Question

Without using any kind of derivatives, find \[\lim_{x\to\infty}x-\log_{10}(x).\]

Answer 1

What if you do \[
\left(\frac 1{10}\right)^{x−\log_{10}(x)}
\]

Answer 2

Hmmm...

Answer 3

\[
10^{\log_{10}(x)-x}=\frac{x}{10^x}
\]

Answer 4

can you use logic?

Answer 5

This question arose in a calc 1 class at a point where the students have not yet learned derivatives. We could probably use some basic logic, but not much more.

Answer 6

unless i am missing something, we know log grows slower than any positive power of \(x\)
much slower

Answer 7

put \(x=10^{12}\) get \(10^{12}-12\)

Answer 8

Hmm, I wonder if there is a clever way to factor out \(x\) from \(10^x\)

Answer 9

That's all fine and dandy, but how do we know it grows slow enough? If all I know about logs are the basic properties such as \(\log(ab)=\log(a)+\log(b)\), and that it goes to infinity as x goes to infinity, I don't see how to do it.

Answer 10

Hmmm, what about changing the base of the logarithm.

Answer 11

I suppose we could make an argument towards the fact that \(\log(x^2)=\log(x)+\log(x)\), and try and get some kind of inequality about \(x^2\) and \(\log(x)+\log(x)\).

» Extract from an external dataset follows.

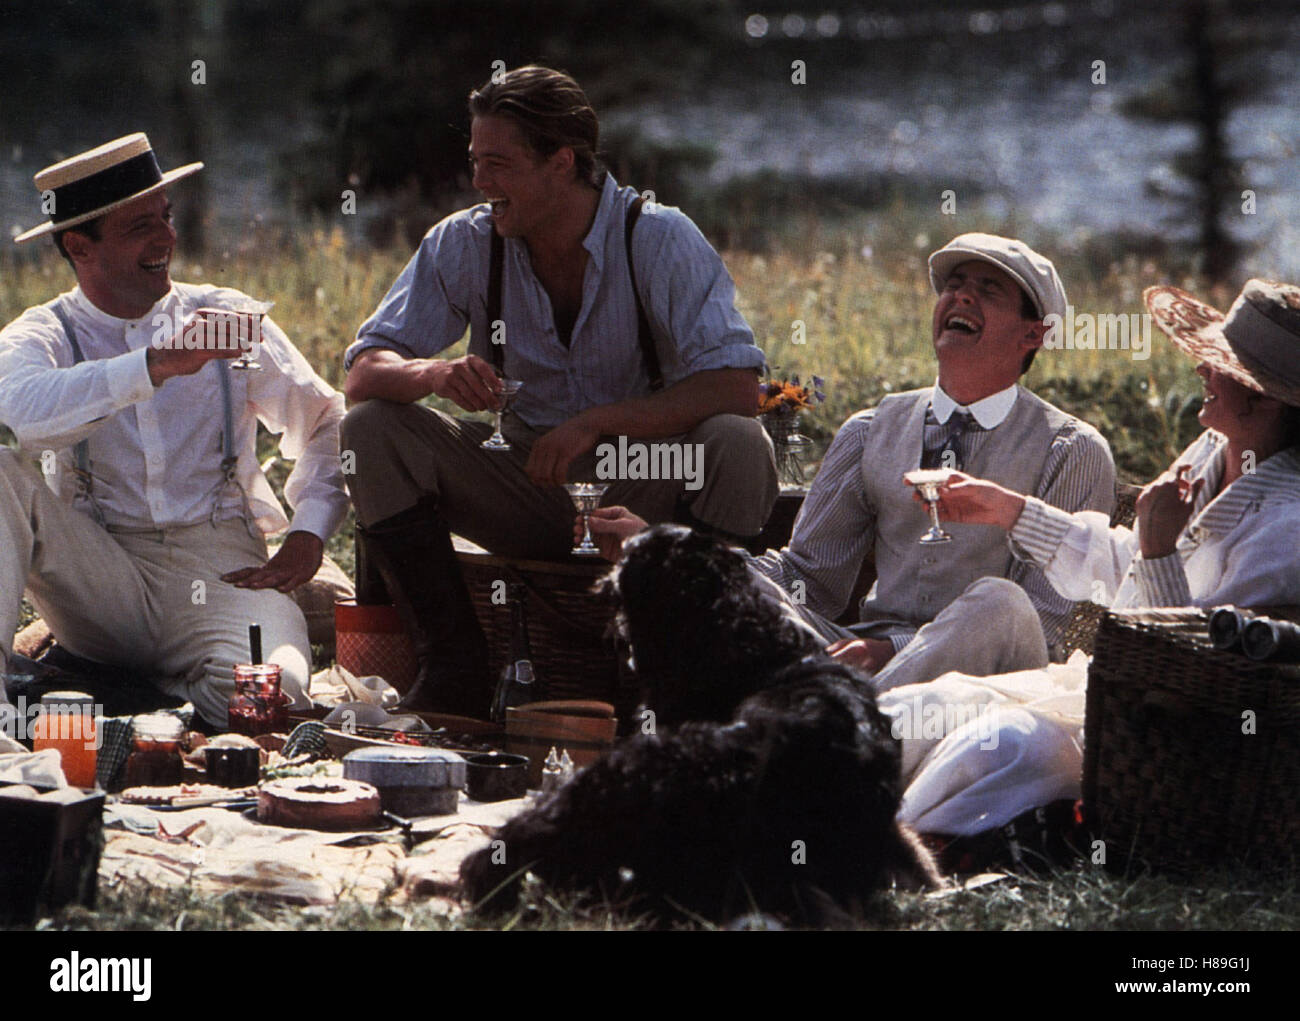 Legenden der Leidenschaft, (LEGENDS OF THE FALL) USA 1994, Regie: Edward Zwick, AIDAN QUINN, BRAD PITT, HENRY THOMAS, Stichwort: Picknick Stock Photo

You're welcome to try that. It ultimately shouldn't matter much.

Answer 12

Hmm \[
x>N\implies x-\log_{10}(x)>M
\]

Answer 13

We know it goes to infinity, so this is ultimately what we need to show.

Answer 14

It is unfair to say that a student would suspect it went to infinity, and then tried to prove it?

Answer 15

The closest I've come (in my opinion), is by assuming the fact that \[x\ge2\log_{10}(x)\]for \(x\) sufficiently large. Unfortunately, proving this inequality requires derivatives, unless I'm missing something clever.

Answer 16

Wouldn't it be for any arbitrary constant, not just 2, to show sufficiently large?

Answer 17

If we're given that \(a\ge2\log_{10}(a)\) for some \(a\), how do we know it's true for every \(b>a\)?

Answer 18

Okay how about this. \[\begin{split}
x-\log_{10}(x)&>M\\
10^{x-\log_{10}(x)}&>10^M\\
\frac{10^x}{x}&>10^M\\
\frac{2^x}{x}\times 5^x&>10^M\\
\end{split}
\]We know that \(2^x>x\) so \(2^x/x>1\)\[
\frac{2^x}{x}\times 5^x> 5^x>10^M
\]

Answer 19

Also \[
10^M=5^{M\log_5{10}}
\]

Answer 20

\[
x>N\implies 5^x>5^{M\log_5(10)}
\]

Answer 21

My only question about that, is can you show that \(2^x>x\) for \(x\) sufficiently large?

Answer 22

> is a lot easier to deal with than >>

Answer 23

Let me think about it...

Answer 24

Okay, so consider \(g(x)=2^x-x\).\[
\forall x_1,x_2>100\\
x_2>x_1\\
2^{x_2}>2^{x_1}\\
2^{x_2}-x_2>2^{x_1}-x_1
\]This means that \(g(x)\) is always increasing.

Answer 25

It shows:\[
x_2>x_1\implies g(x_2)>g(x_1)
\]Meaning \(g(x)\) is an increasing function for arbitrarily large \(x>100\)

Answer 26

Not only is it always increasing, but it is positive beyond \(100\).

Answer 27

So if \(2^x\) is greater than \(x\) at 100 and beyond 100 the gap never narrows, then that means for arbitrarily large \(x\) we know \(2^x>x\)

Answer 28

Is it still a bit iffy?

Answer 29

It's looking better. Give me a moment to verify everything.

Answer 30

A lot of the inequality stuff only holds for arbitrarily large \(x\). Not for small or negative \(x\) obviously.

Answer 31

Since we're looking at \(x\to\infty\), we can disregard small or negative \(x\).

Can you explain how you concluded that the gap never narrows?

Answer 32

Actually, I don't think that matters. We just need \(2^x>x\) for sufficiently large \(x\), and I think this does it.

Answer 33

The gap between \(2^x\) and \(x\) is \(2^x-x\).

Answer 34

This gap has to be \(0\) for one to overtake the other.

Answer 35

Otherwise whoever is greater will retain supremacy.

Answer 36

Excellent work. I think this proves the limit without resorting to derivatives.